OUR SALES WOULD SUFFER IF A KEY SALES REPRESENTATIVE OR DISTRIBUTOR STOPPED
SELLING OR REDUCED SALES OF OUR PRODUCTS.

         We sell substantially all of our products through a network of
independent sales representatives and distributors, the majority of whom have
exclusive rights to sell our products in specific territories or markets. If we
are unable to provide competitive sales commissions, maintain an appropriate
sales volume, or offer sufficient channel-support, our independent sales
representatives and distributors may discontinue sales of our products and
switch to representing one or more of our competitors, which would result in
reduced sales for us.

                                       12



WE MAY NEED ADDITIONAL CAPITAL, AND MAY NOT BE ABLE TO RAISE ADDITIONAL CAPITAL
ON FAVORABLE TERMS OR AT ALL, WHICH COULD LIMIT OUR ABILITY TO GROW AND COULD
INCREASE OUR COSTS.

         Our future liquidity and capital requirements are difficult to predict
because they depend on numerous factors, including the success of our existing
and new product offerings as well as competing technological and market
developments. As a result, we may not be able to generate sufficient cash from
our operations to meet additional working capital requirements, support
additional capital expenditures or take advantage of acquisition opportunities.
Accordingly, we may need to raise additional capital in the future.

         Our ability to obtain additional financing will be subject to a number
of factors, including market conditions and our operating performance. These
factors may render the timing, amount, terms and conditions of additional
financing unattractive for us. If we raise additional funds by selling equity
securities, the relative ownership of our existing investors could be diluted or
the new investors could obtain terms more favorable than previous investors. If
we raise additional funds through debt financing, we could incur significant
borrowing costs. If we are unable to raise additional funds when needed, our
ability to operate and grow our business could be impeded.

OUR PRODUCTS MAY BE REQUIRED TO CONFORM TO NEW AND UNFORESEEN REGULATORY
REQUIREMENTS WHICH COULD INCREASE OUR COSTS AND REDUCE OUR MARKET SHARE.

         Our products are designed to conform to the regulatory requirements of
the countries in which they are marketed. In the event that the technical
regulations applicable in a given country are in any way changed, we may be
required to modify, redesign or recall some or all of our products in order to
continue participating in that market.
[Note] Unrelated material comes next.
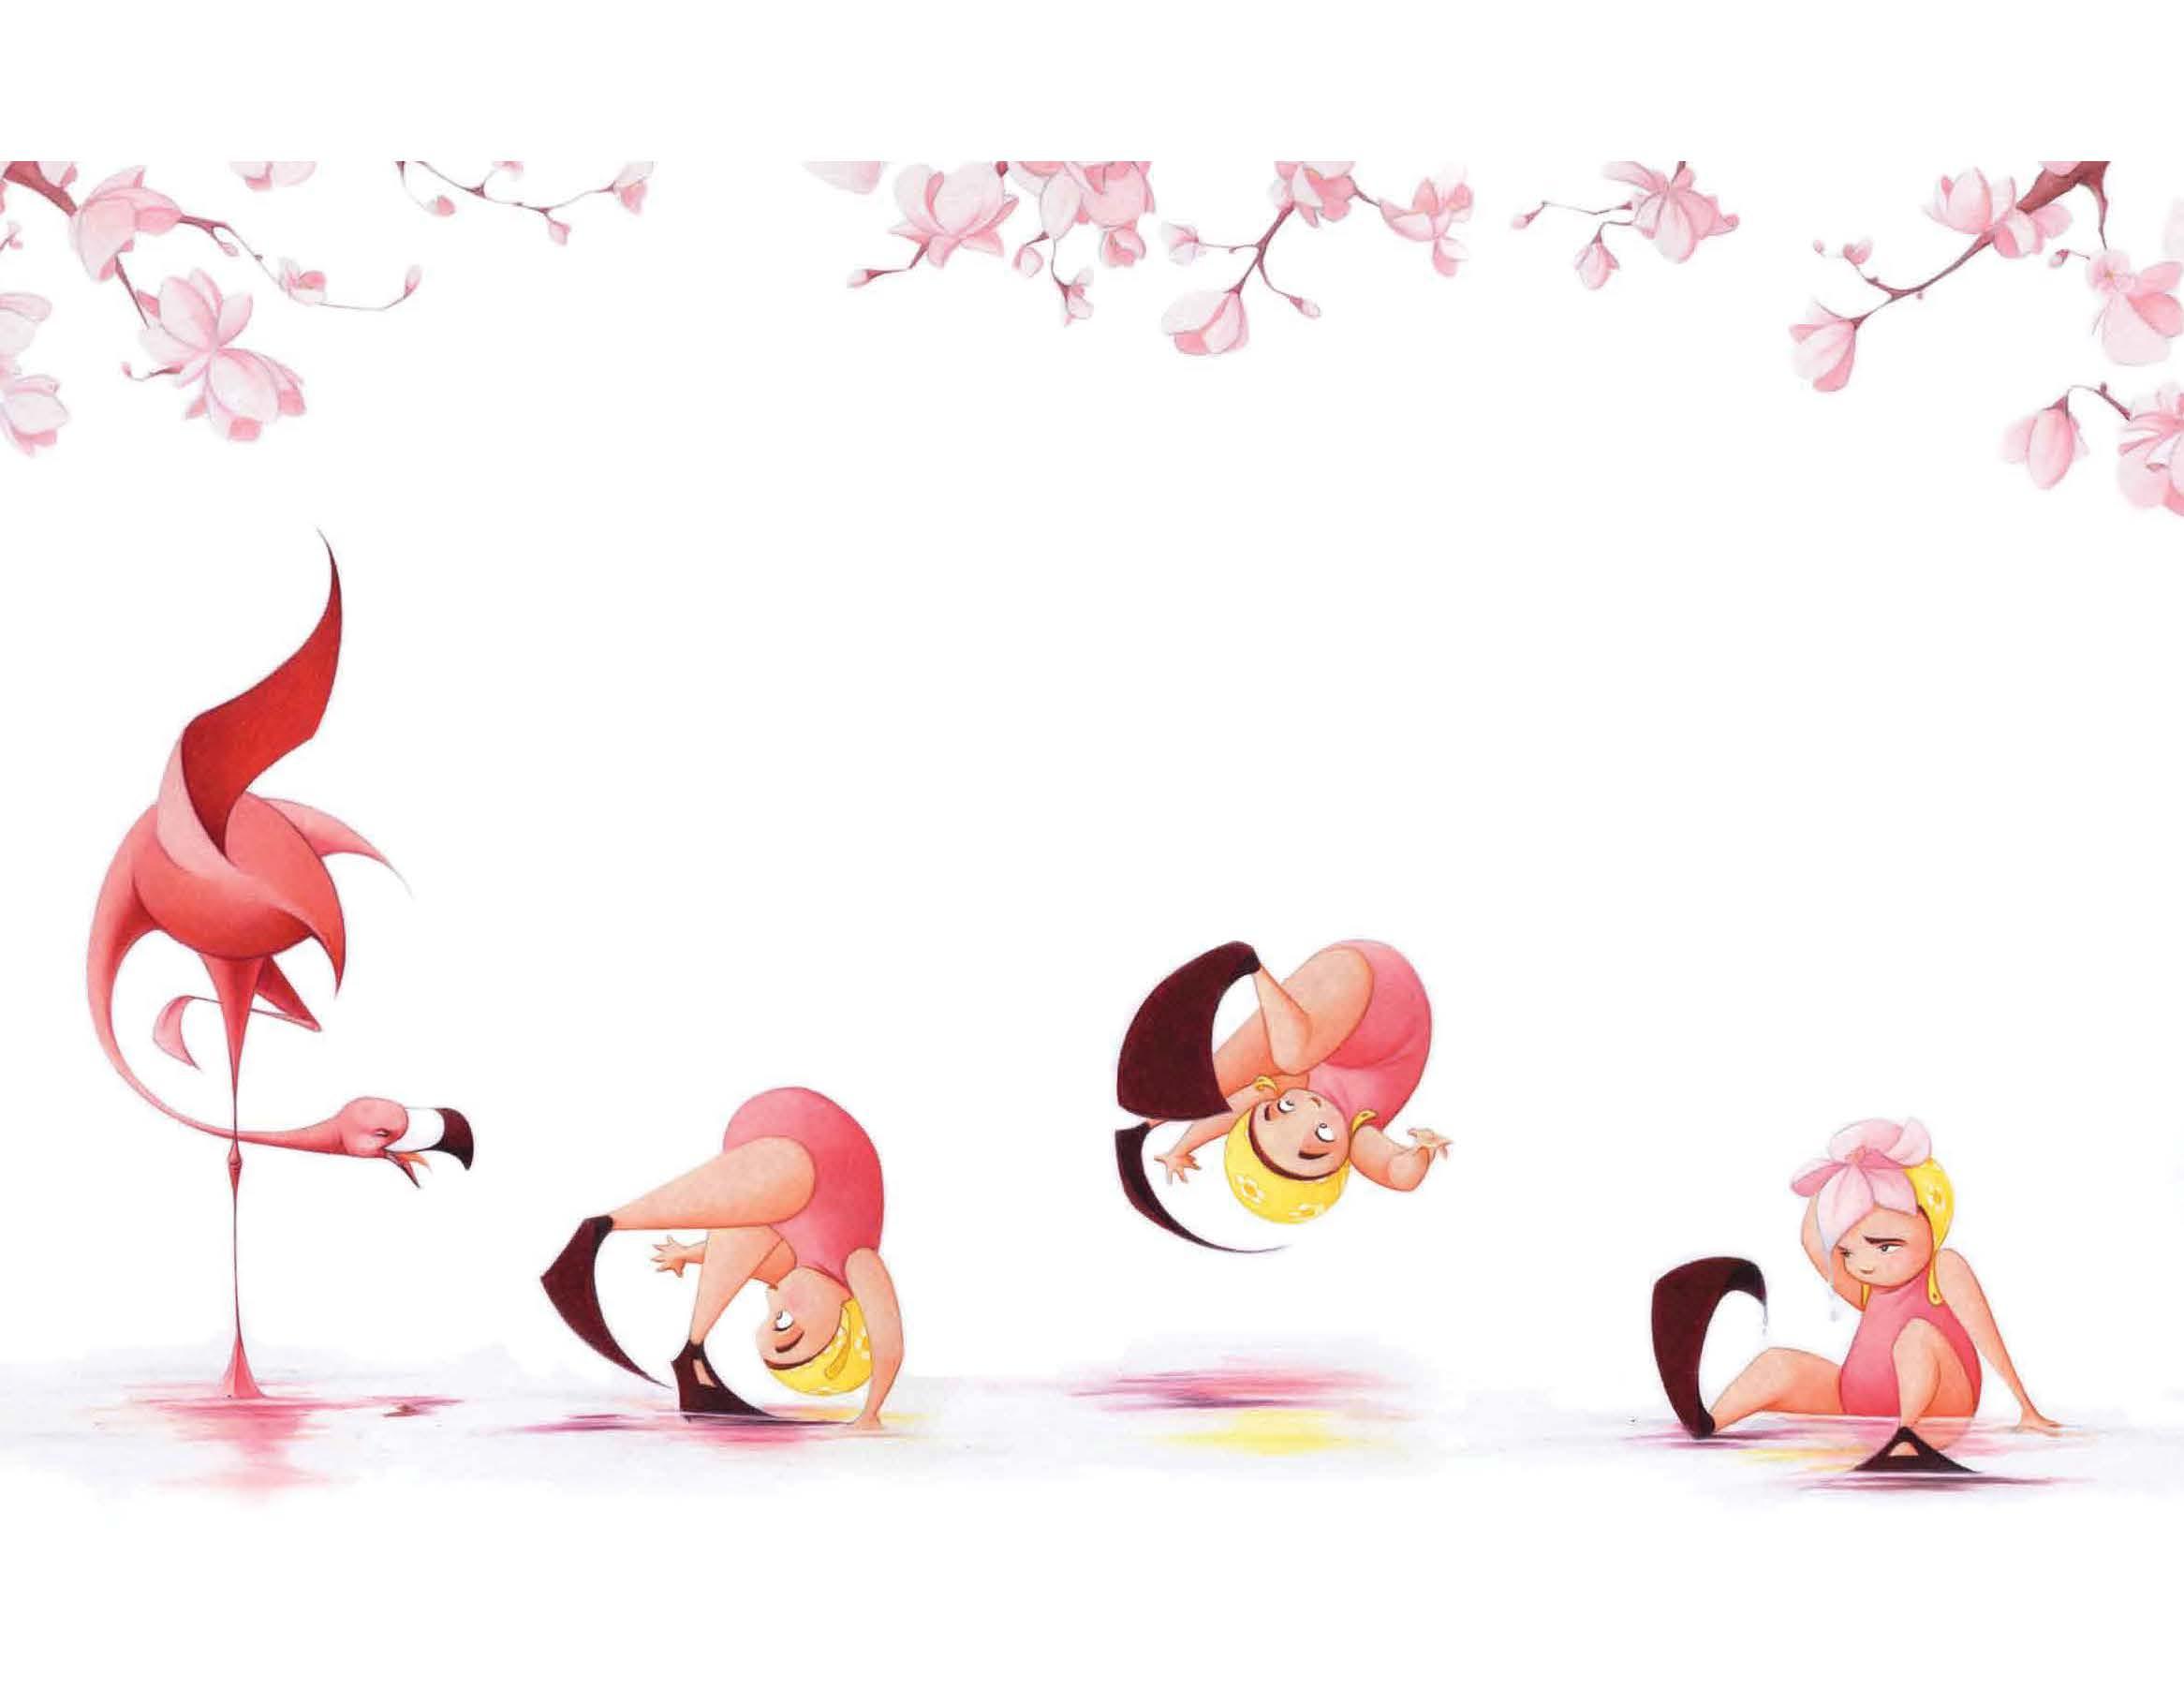 flora and the flamingo molly idle 8601404759024 amazon com books

These changes likely would increase
manufacturing costs and could create technical advantages for products marketed
by our competitors.

            CAUTIONARY STATEMENT REGARDING FORWARD-LOOKING STATEMENTS


         This prospectus includes or incorporates forward-looking statements
within the meaning of Section 27A of the U.S. Securities Act of 1933 and Section
21E of the U.S. Securities Exchange Act of 1934. You can identify these
forward-looking statements by our use of words such as "intend," "plan," "may,"
"will," "project," "estimate," "anticipate," "believe," "expect," "continue,"
"potential," "opportunity," and similar expressions, whether in the negative or
affirmative. We cannot guarantee that we actually will achieve these plans,
intentions or expectations. All statements regarding our expected financial
position, business and financing plans are forward-looking statements.
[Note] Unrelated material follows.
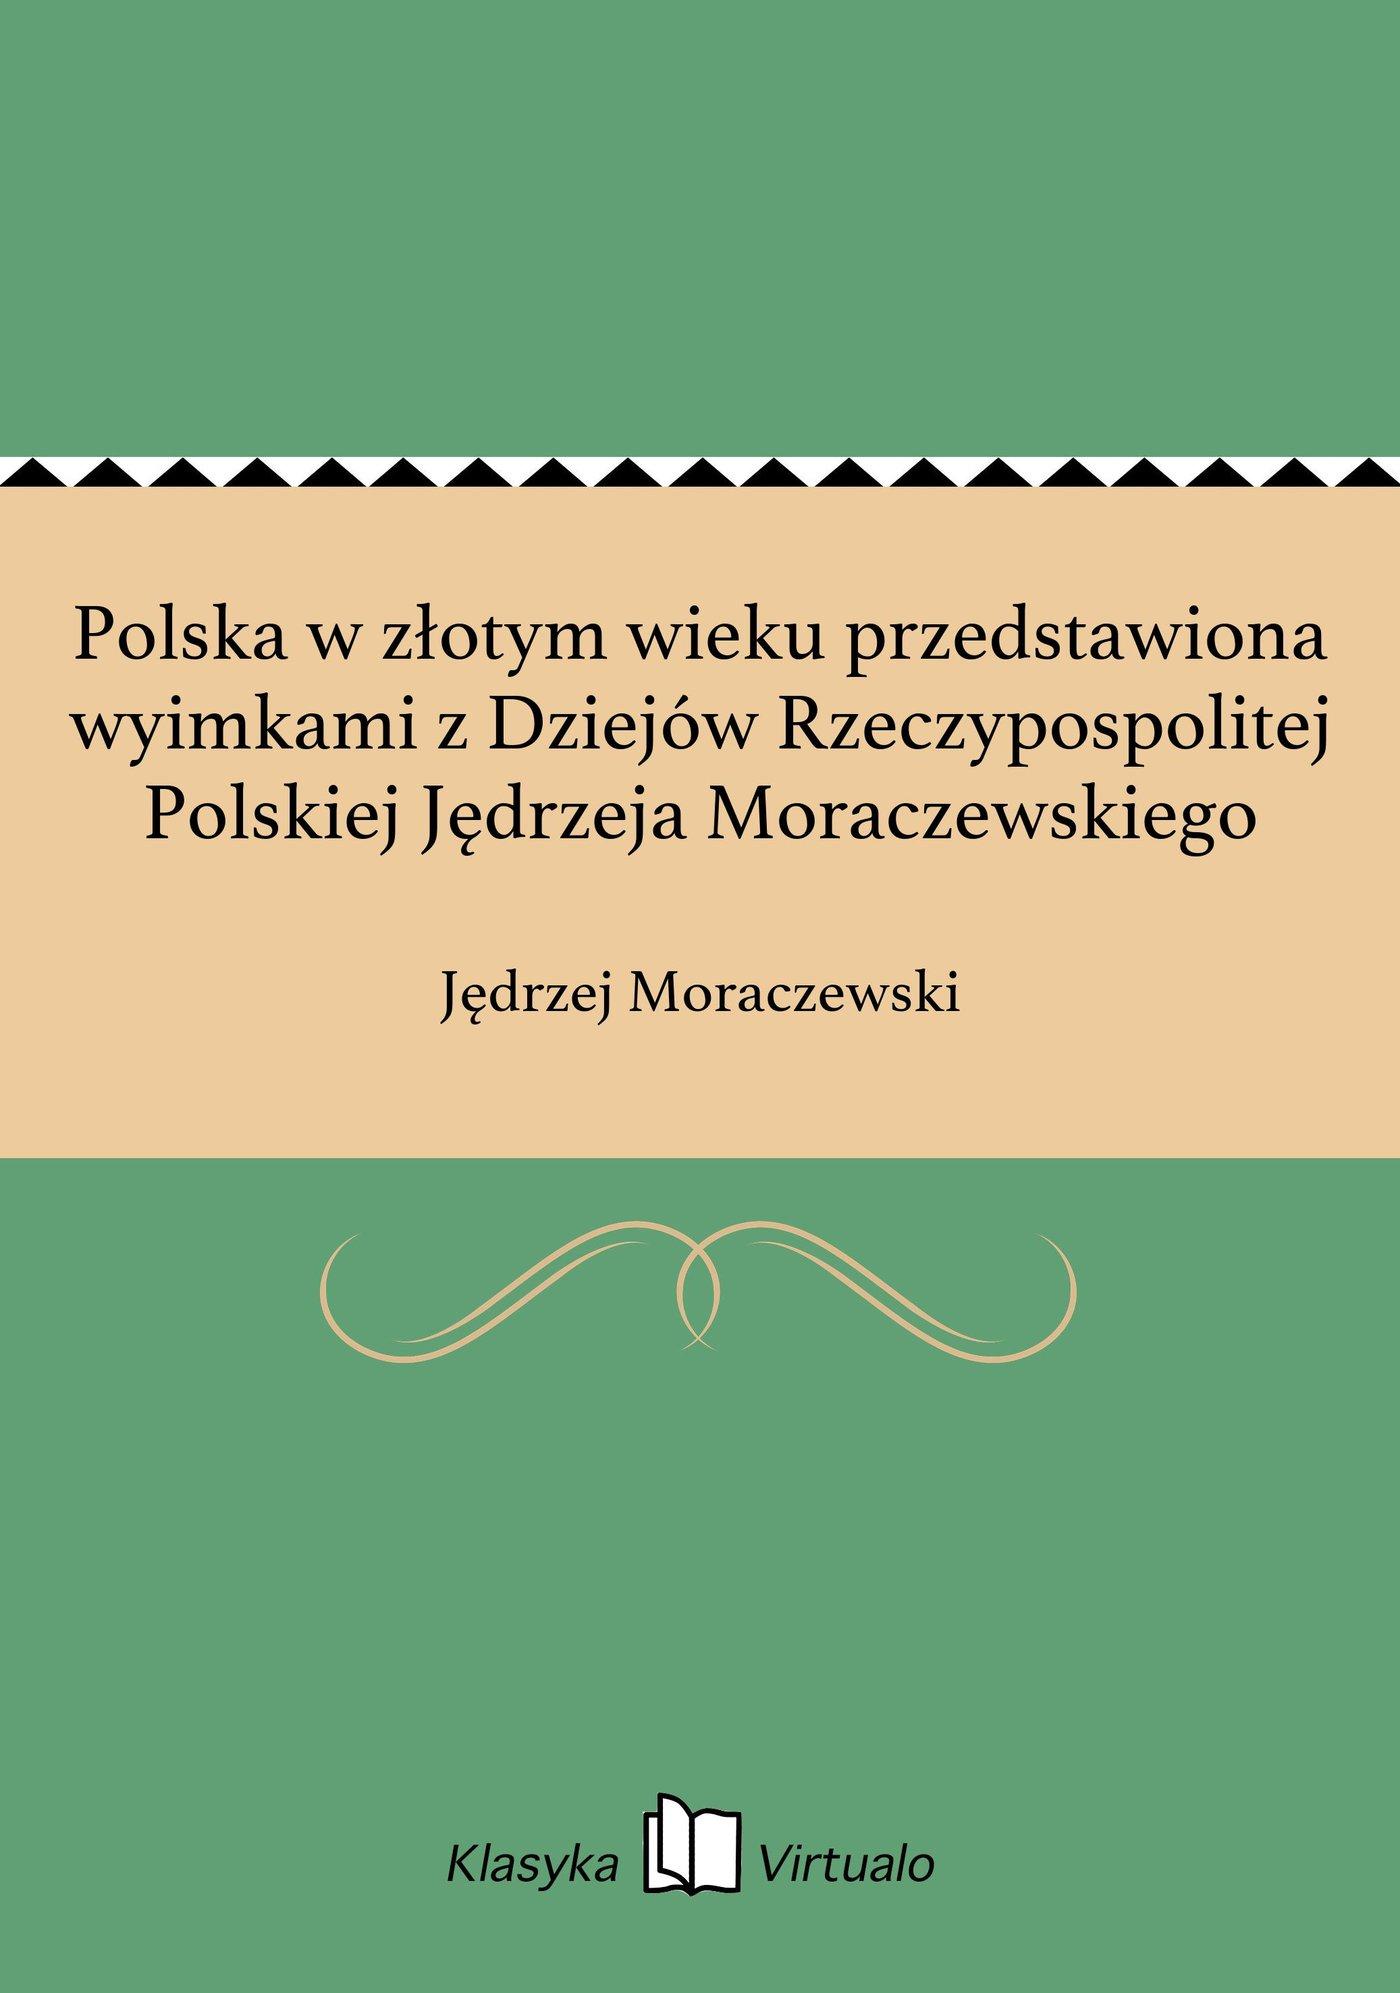 Polska w złotym wieku przedstawiona wyimkami z Dziejów Rzeczypospolitej Polskiej Jędrzeja Moraczewskiego - Ebook (Książka EPUB) do pobrania w formacie EPUB

         Actual results or events could differ materially from the plans,
intentions and expectations disclosed in the forward-looking statements we make.
We have included important facts in various cautionary statements in this
prospectus that we believe could cause our actual results to differ materially
from the forward-looking statements that we make. These include, but are not
limited to, those under the heading "Risk Factors" in this prospectus and the
discussion under "Item 3.D. Risk Factors" in our Annual Report on Form 20-F.

         The forward-looking statements do not reflect the potential impact of
any future acquisitions, mergers or dispositions. We undertake no obligation to
update or revise any forward-looking statements because of new information,
future events or otherwise.

                                       13



                                      EXFO


         We are a leading designer, manufacturer and marketer of fiber-optic
test, measurement and automation solutions for the telecommunications industry.
We believe that we are the largest manufacturer of test, measurement and
automation equipment that is exclusively dedicated to fiber optics. Fiber-optic
test, measurement and automation equipment is mainly used by telecommunications
carriers, optical component and system manufacturers, as well as research and
development laboratories to measure the physical characteristics of optical
fiber and related hardware.

         We were founded in 1985 in Quebec City. We have grown from a
two-employee supplier of portable handheld test instruments to a leading
designer, manufacturer and marketer of an extensive line of fiber-optic test,
measurement and automation equipment. As of May 31, 2001, we had a workforce of
1,407 employees and our products are distributed in over 70 countries.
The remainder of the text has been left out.